The last payment to the tax credit fund of approximately $100 million came in fiscal year 2019 after the state’s plan to sell bonds that would support a full payoff of the credit obligation was challenged in court. Lawmakers decided against tax credit payments the next two years while the lawsuit over the bond plan made its way through the courts.
The Alaska Supreme Court unanimously found the plan violated the strict sideboards on accruing debt in the state Constitution last September, putting lawmakers back at square one.
Despite it being years since the state issued any significant amount of tax credits, the $700 million-plus tally of the yet-unpaid credit certificates continues to complicate matters for credit holders, which are not all banks and oil companies, either.
The borough-owned Interior Gas Utility in the Fairbanks area is owed $15 million for LNG storage credits it earned when it recently completed a 5.25 million gallon LNG storage tank intended to underpin expanding gas distribution in the area.

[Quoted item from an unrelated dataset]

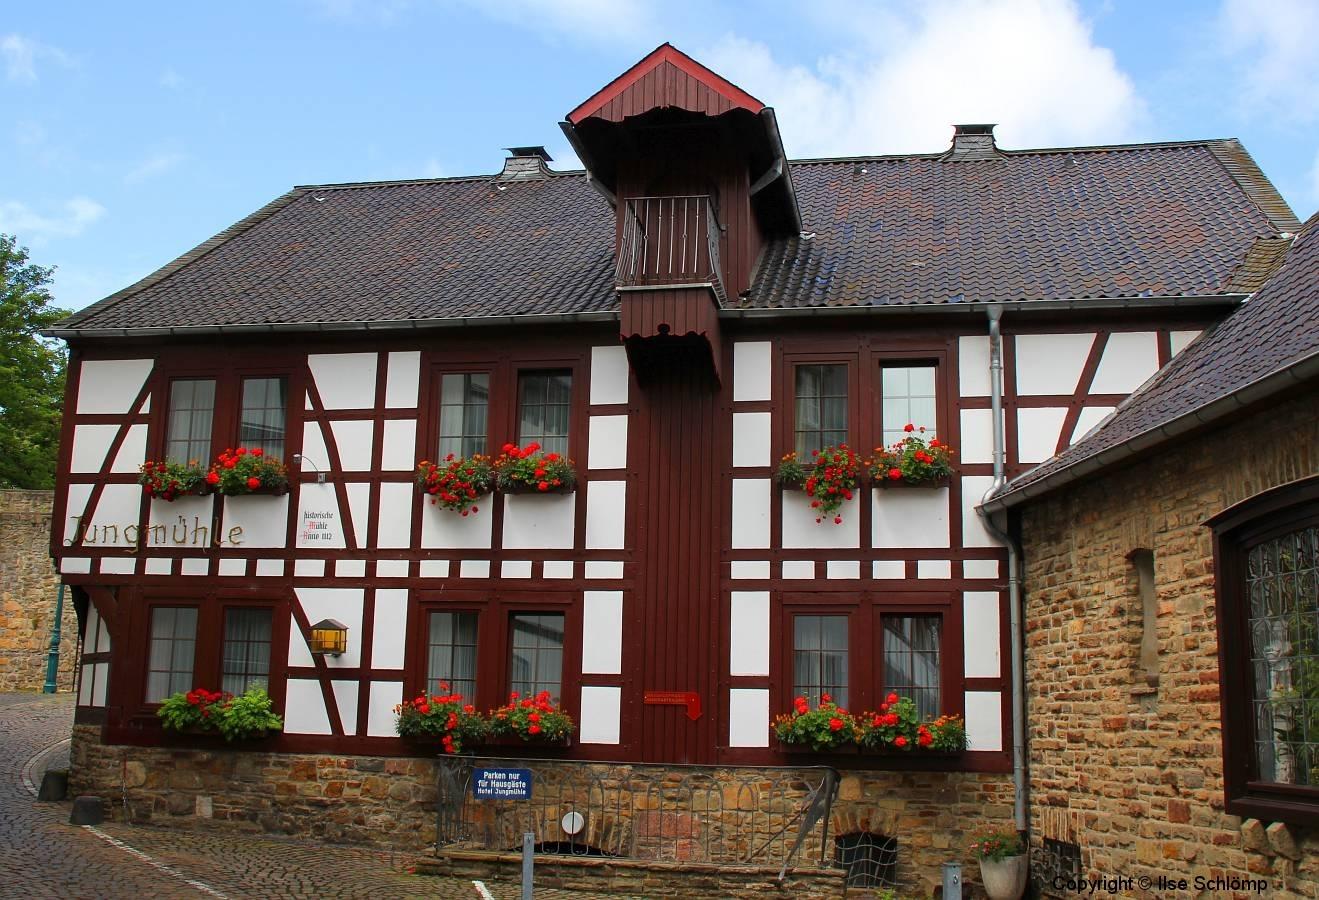 Bad Münstereifel, Jungmühle

IGU General Manager Dan Britton wrote via email that if the credits are left unpaid the local utility will eventually be forced to borrow to complete projects the credits would have otherwise funded. The ultimate result is either slightly higher utility rates or a slower expansion of IGU’s gas network, according to Britton.
In all, Revenue officials said there are approximately 40 entities holding oil and gas tax credit certificates.

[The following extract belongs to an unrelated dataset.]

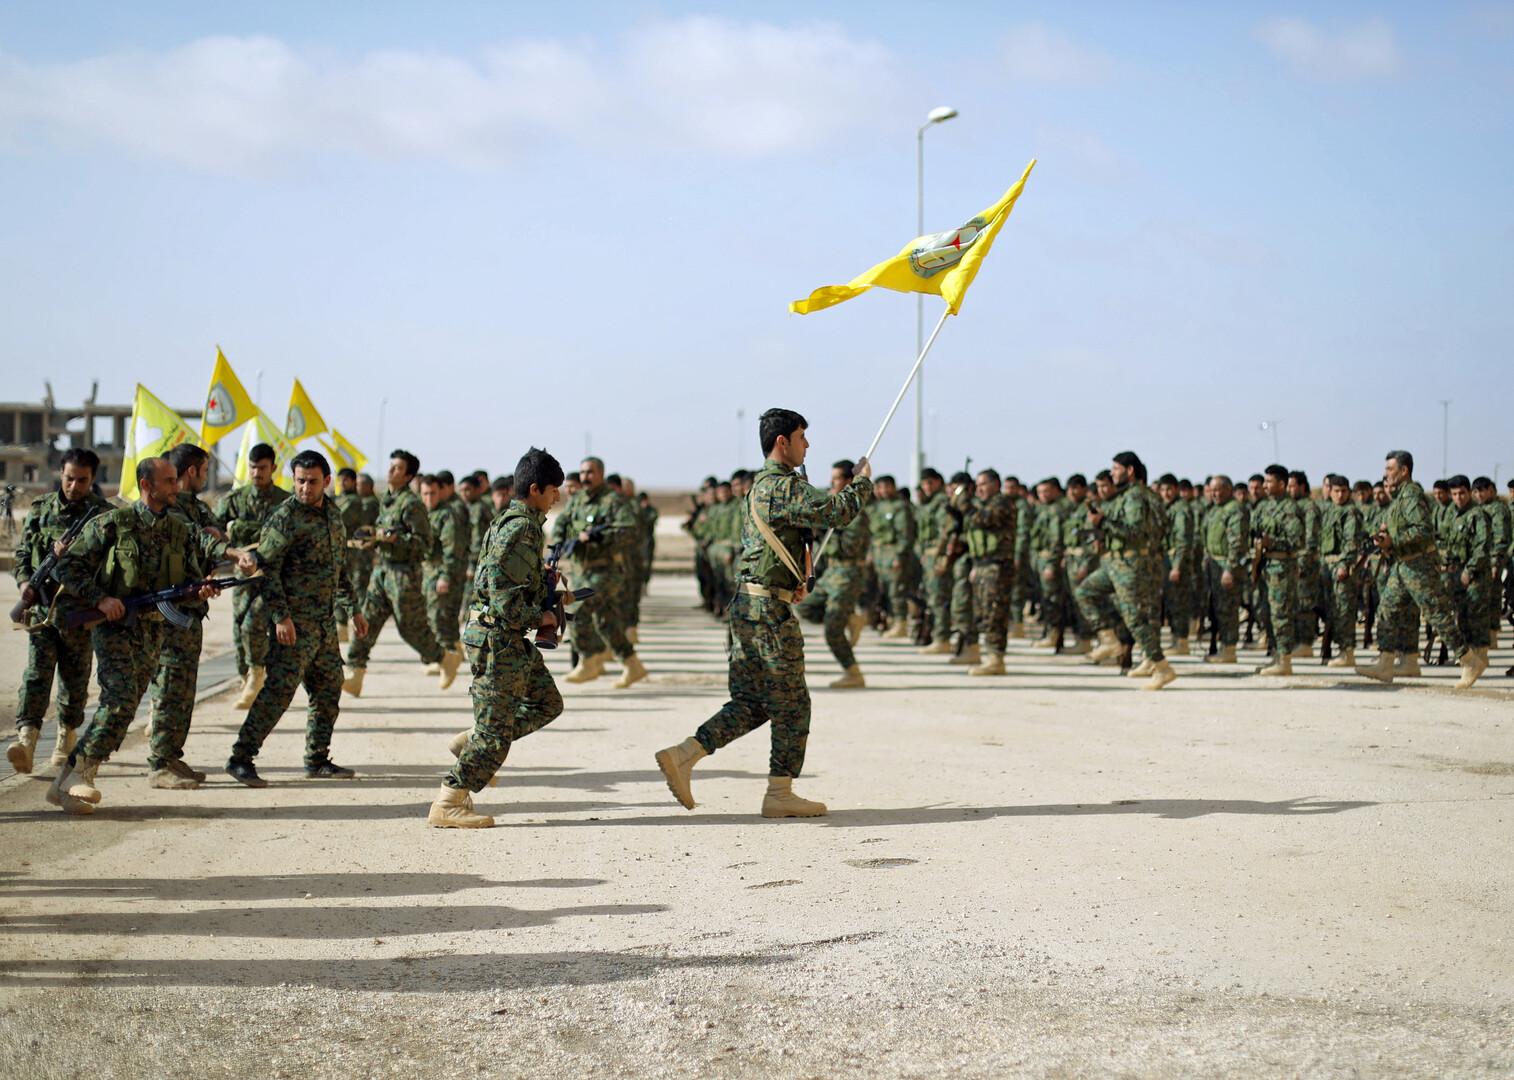 قوات سوريا الديمقراطية: سنحول أي هجوم تركي إلى حرب شاملة على الحدود

The tax credit situation is also a challenge for the new owners of the small Cook Inlet gas producer Furie Operating Alaska, which filed for bankruptcy in 2019 due to management and production issues and being owed more than $100 million by the state. Creditors to the pre-Chapter 11 iteration of Furie are still owed $103 million, according to CEO John Hendrix.

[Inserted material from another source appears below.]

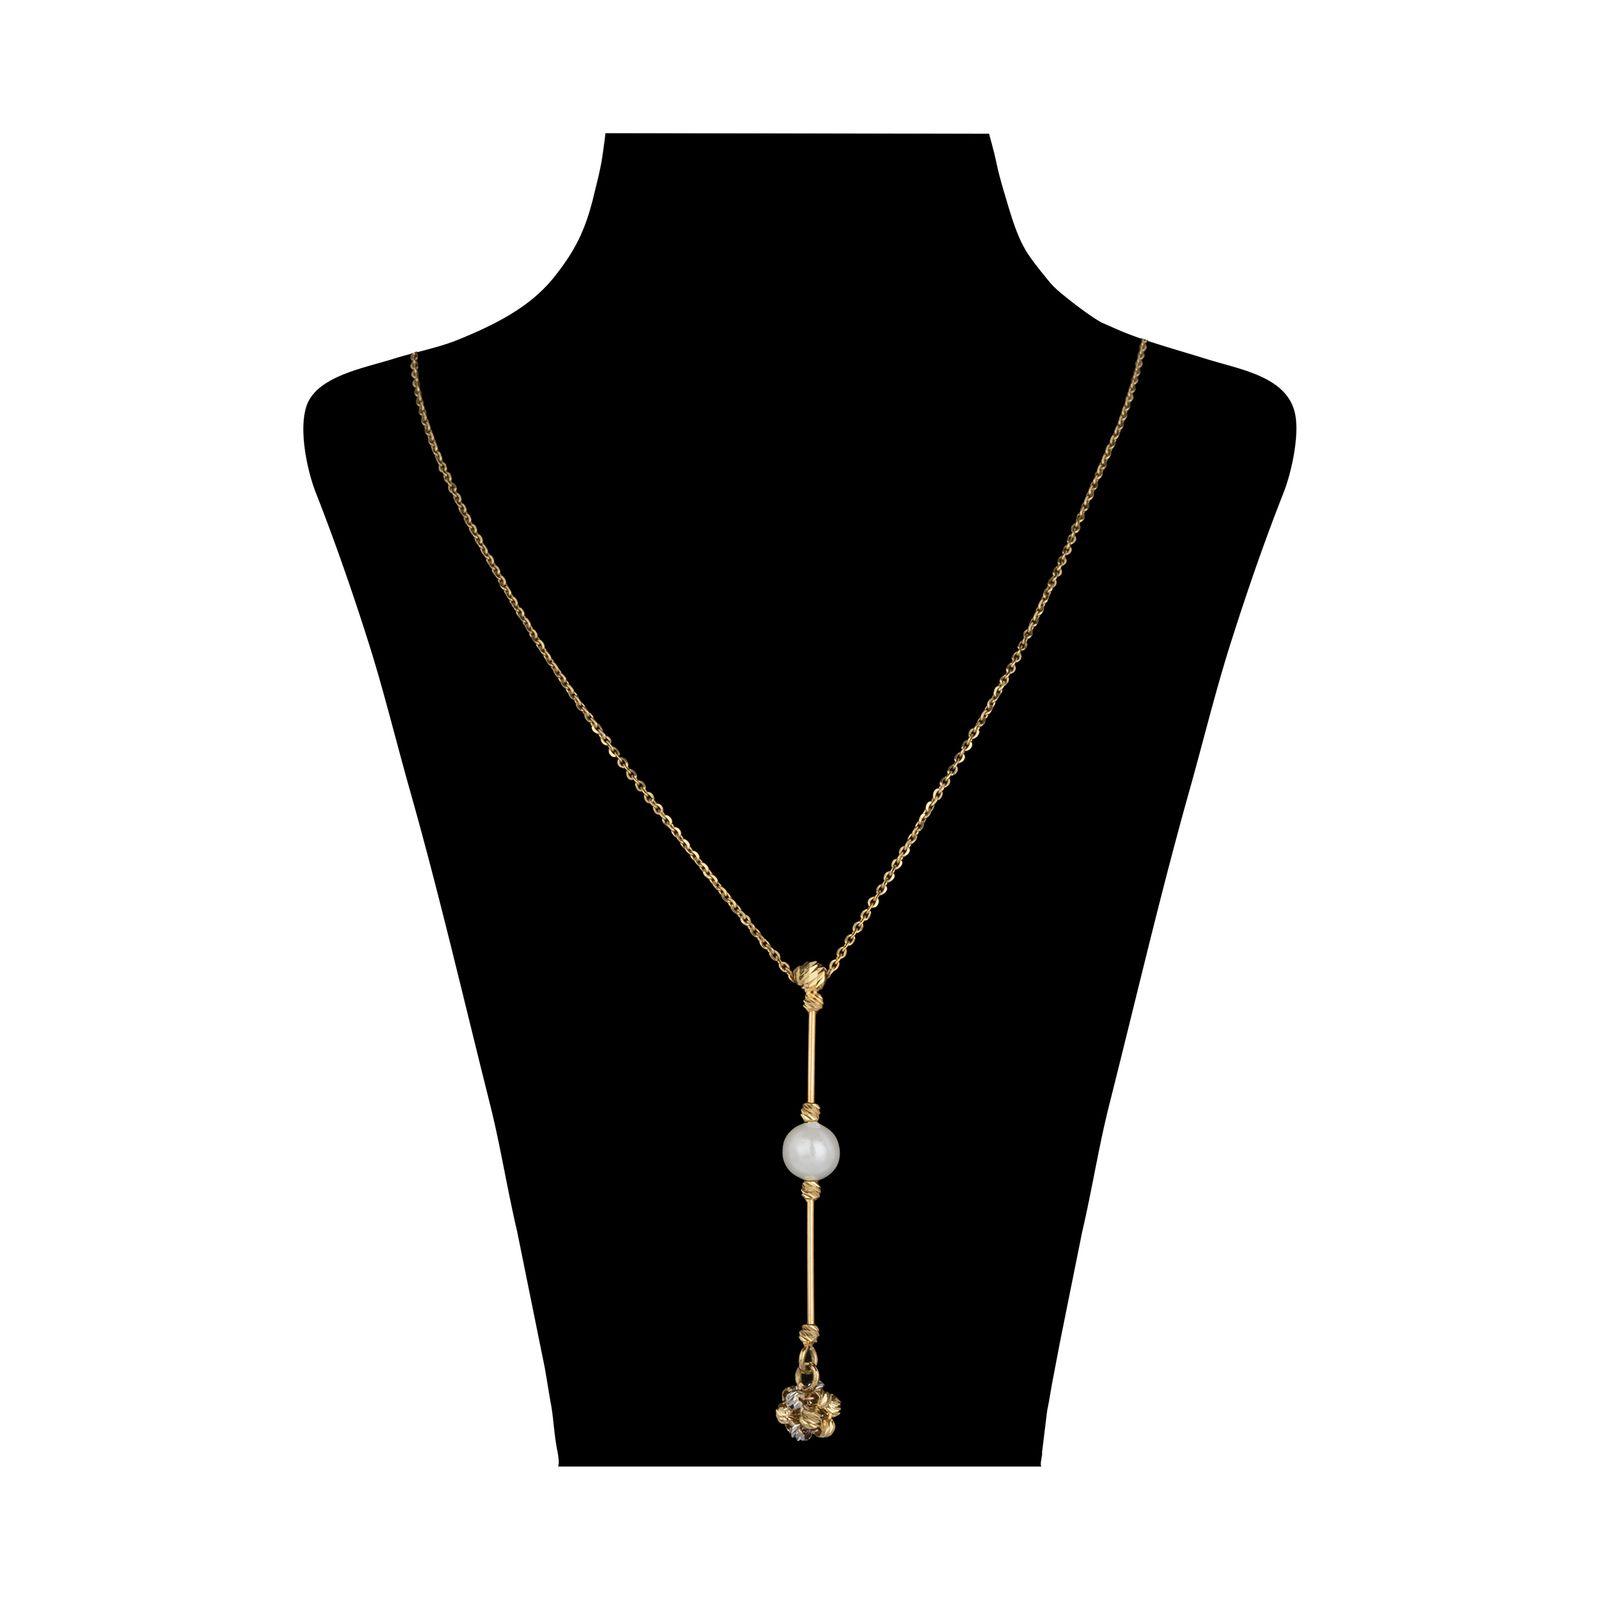 گردنبند طلا 18 عیار زنانه سیودو مدل 144604 -  - 2

However, the deal Hendrix reached last year to purchase Furie for $5 million in cash included a clause that requires the company to pay the creditors $15 million plus 7 percent interest, which kicks in next year, if approximately 90 percent of the $103 million is not paid off by July 2025, he wrote in an email.
“If they pay off the tax credits owed to the creditors my purchase price goes from $20 million to $5 million,” he said.
Hendrix was former Gov. Bill Walker’s oil and gas policy advisor in 2016 when Walker vetoed most, but not all, of the tax credit payment approved by the Legislature. He said in an interview that he stressed to Walker at the time that the state needed to fund the credits each year based on the formula laid out in statute, which generally calls for payments in the $50 million to $150 million range, as opposed to fully paying them off to the tune of several hundred million dollars each year.
That’s much different than the Legislature now ignoring the statutory formula, Hendrix said.
“Money comes in from (production) taxes, it pays down the credits. What they’re doing now, the Legislature isn’t appropriating the money they’re getting in taxes,” he said.
Back on the Slope, the continued lack of credit reimbursement could indirectly slow the progress on a potentially large oil discovery, according to another small explorer.
London-based Pantheon Resources Ltd. purchased Anchorage-based Great Bear Petroleum’s assets in 2019 after Great Bear had done years of exploration work and earned tax credits on the North Slope.
Pantheon leaders in late May announced an oil discovery near the Dalton Highway that they believe is greater than 1 billion recoverable barrels. They said in a corporate statement responding to questions about the tax credits that Pantheon did not purchase Great Bear’s credits or the associated debt, noting that Pantheon’s work has been done after the program ended.
However, Great Bear and its lender are large shareholders of Pantheon and the company’s ability to raise money for ongoing work is “significantly compromised by the debt that remains outstanding due to the failure of the state to repurchase the eligible tax credits,” according to the Pantheon statement.
It’s unknown how much Great Bear is owed.